Cameron-Reilly Concrete was involved in polishing 11,000 square feet of terrazzo-seeded floor at a middle school long before submitting a bid for the job. The company collaborated closely with the architect and general contractor to ensure specifications were written correctly and the floor would be properly protected.
Having so much influence on the process is a dream scenario for polishers, but it doesn’t happen by accident. Most contractors place and finish or polish concrete, but Cameron-Reilly does both. In fact, the company’s carved a formidable niche in and around Spokane Valley, Washington, by making project delivery a one-stop proposition.
Architects, engineers, general contractors, and potential clients visit the company’s Design Center to build a floor from the ground up. Drawers of actual samples show what different depths of grind, gloss, color, stain, seeded aggregate, and seeded glass look and feel like. An interactive computer station contains hundreds of project photos. Once they identify what they want, the company guides clients through each step in the process, from design to maintenance. That includes helping:
- Architects write specifications that account for polishing
- General contractors develop a schedule that maximizes productivity without jeopardizing the finish when other trades get on the floor
- Clients understand maintenance requirements by explaining what’s involved and being a resource for products, equipment, and periodic restoration.

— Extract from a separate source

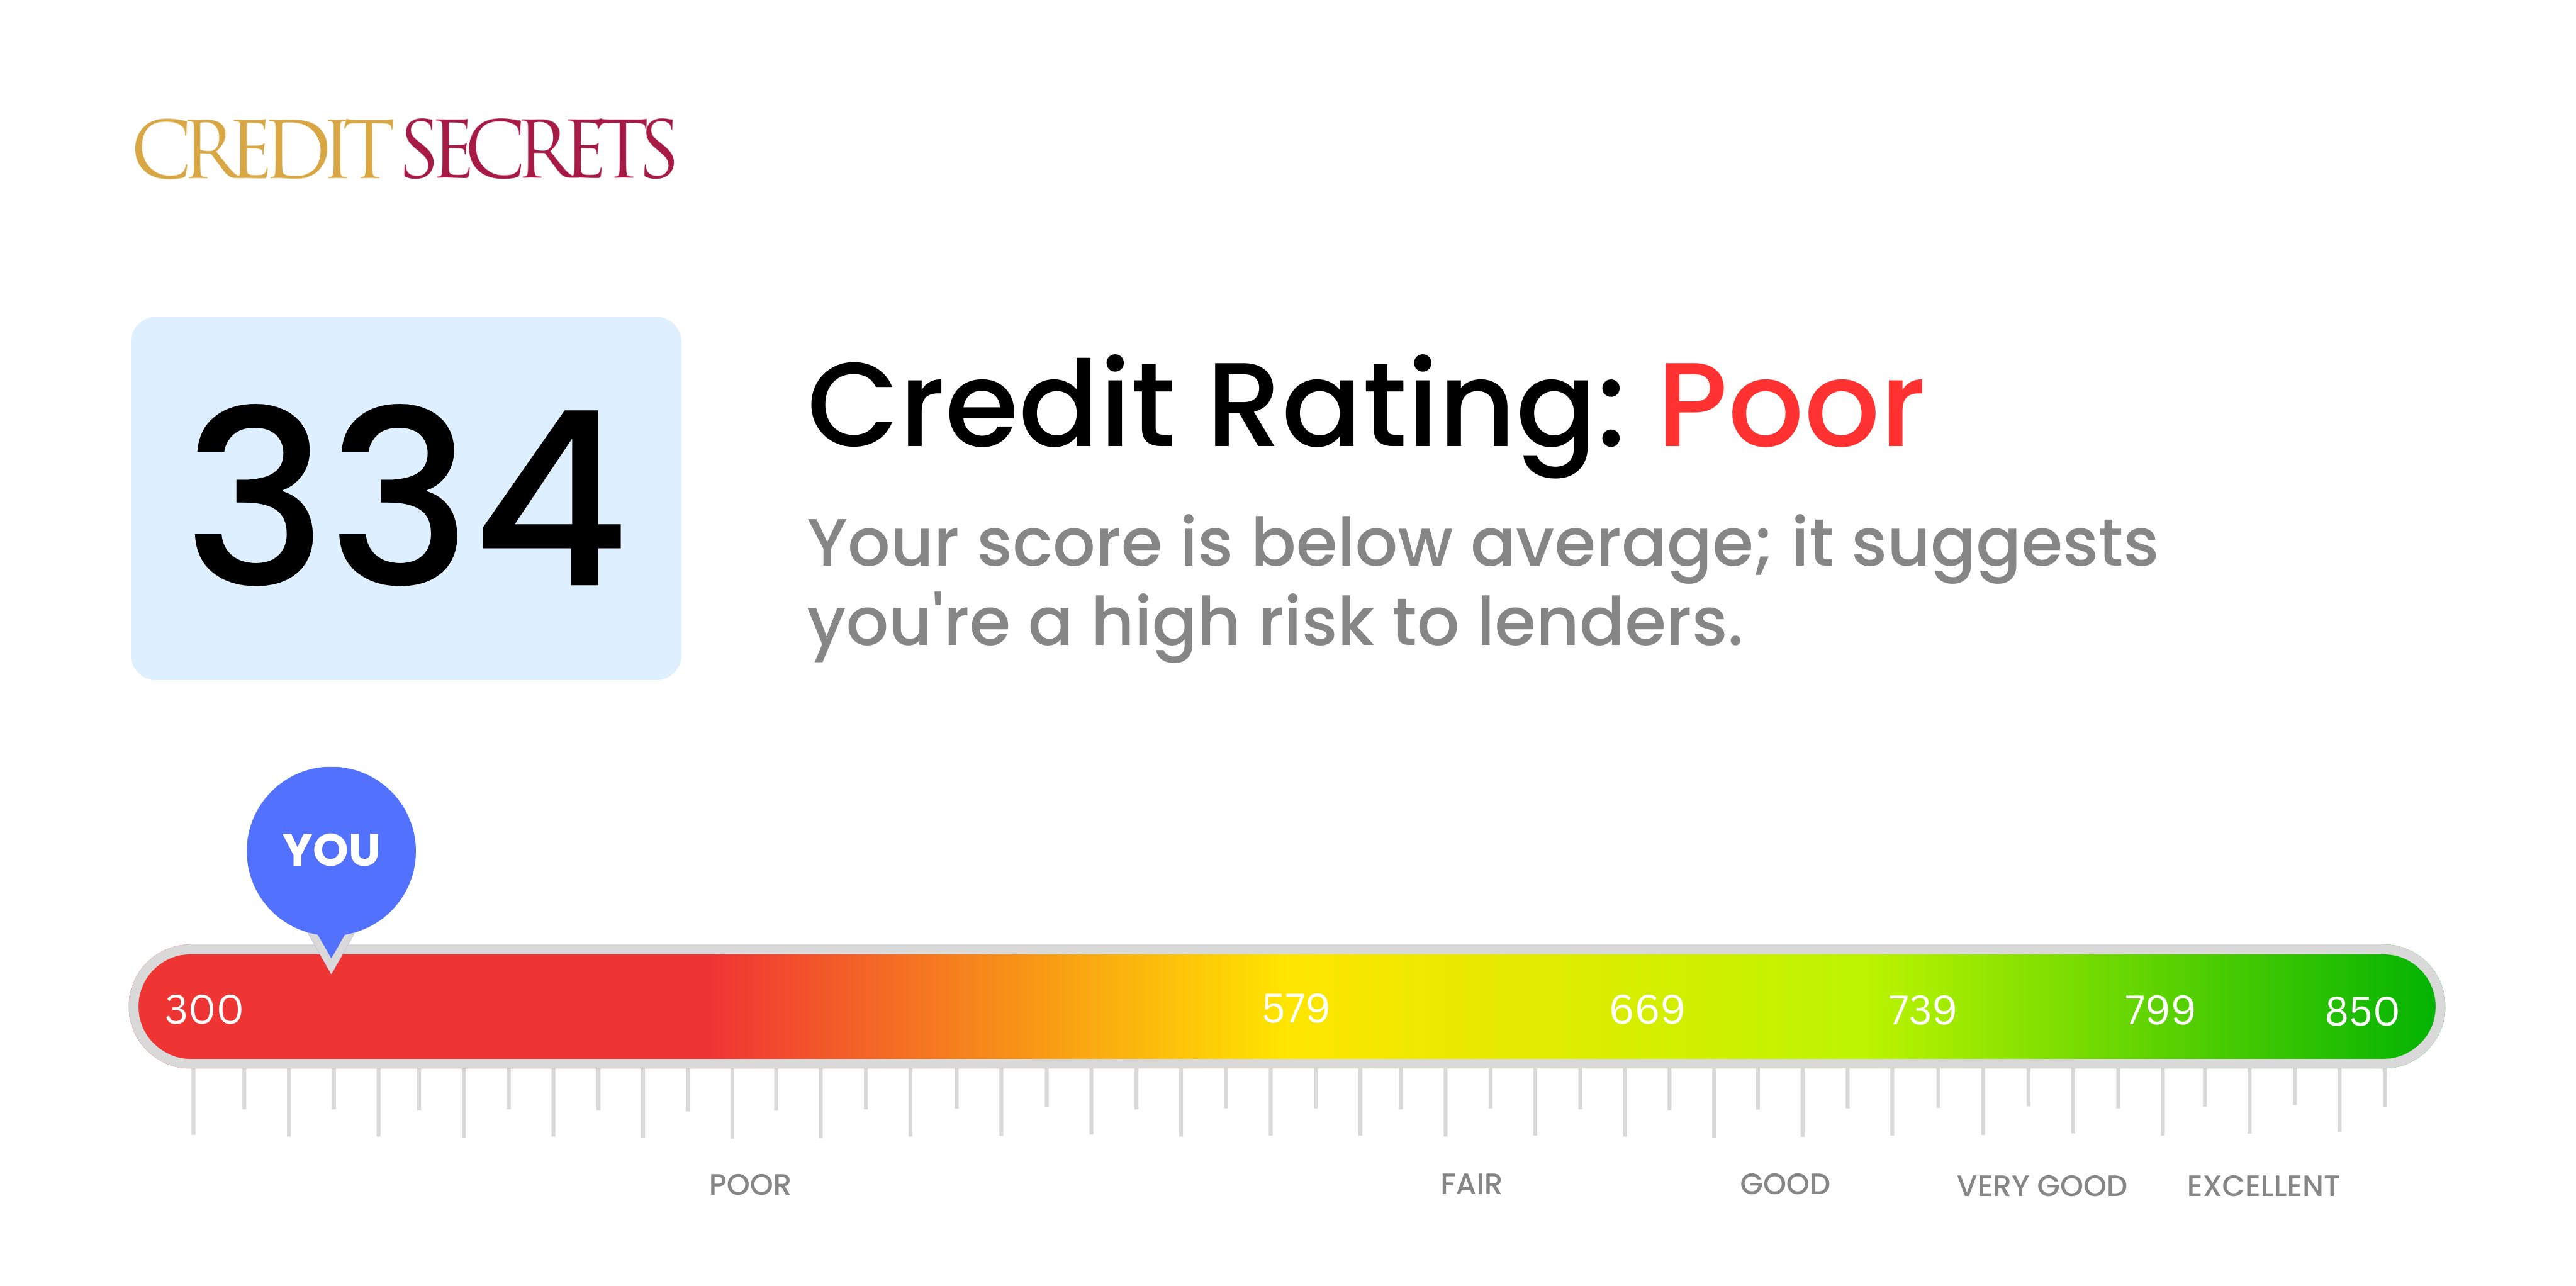 Is 334 a good credit score?

It’s a brilliant approach to the marketplace, but not surprising coming from a former Associated General Contractors of America president. Mike Reilly, a journeyman cement mason who launched Reilly Concrete in 1999, held that position in 2015. He and Jim Cameron, who owned a curb-and-sidewalks contracting company, merged in 2006 to form Cameron-Reilly LLC. When they bought Meidling Concrete in 2014, the commercial floor and polishing divisions were born.
Their approach to the Salk Middle School replacement in Spokane, Washington, earned our 2017 Polished Concrete Award in the Educational Projects category.
Surface Profile Science
Being able to place as well as polish enabled Cameron-Reilly to incorporate quality control measures that are particularly important for terrazzo-seeded floors. Crews’ techniques for applying the seeded terrazzo rock during concrete placement ensure even coverage across the floor and control how deep the rock is embedded in the surface. These fine details are essential at the polishing stage. If not done correctly, sometimes the rock “disappears” in the surface, causing a spotty appearance.
Crews also use Ra (roughness average) meters to guide their tooling selections. Released in 2013, Concrete Sawing & Drilling Association ST-115/Measuring Concrete Micro Surface Texture provides procedures and benchmarks for evaluating finish by surface profile rather than gloss level. A meter equipped with a diamond-tipped contact stylus gauges changes in texture from step to step throughout the process. Because polishing tools are designed to produce a certain level of refinement (texture), readings show the operator when the tool has worked to its maximum potential. A reading of 100 Ra indicates a honed finish; zero indicates a mirror-like finish.
Cameron-Reilly employees have certifications in concrete finishing, machinery operation, and concrete polishing. Between their training and their owners’ business philosophy, success was inevitable.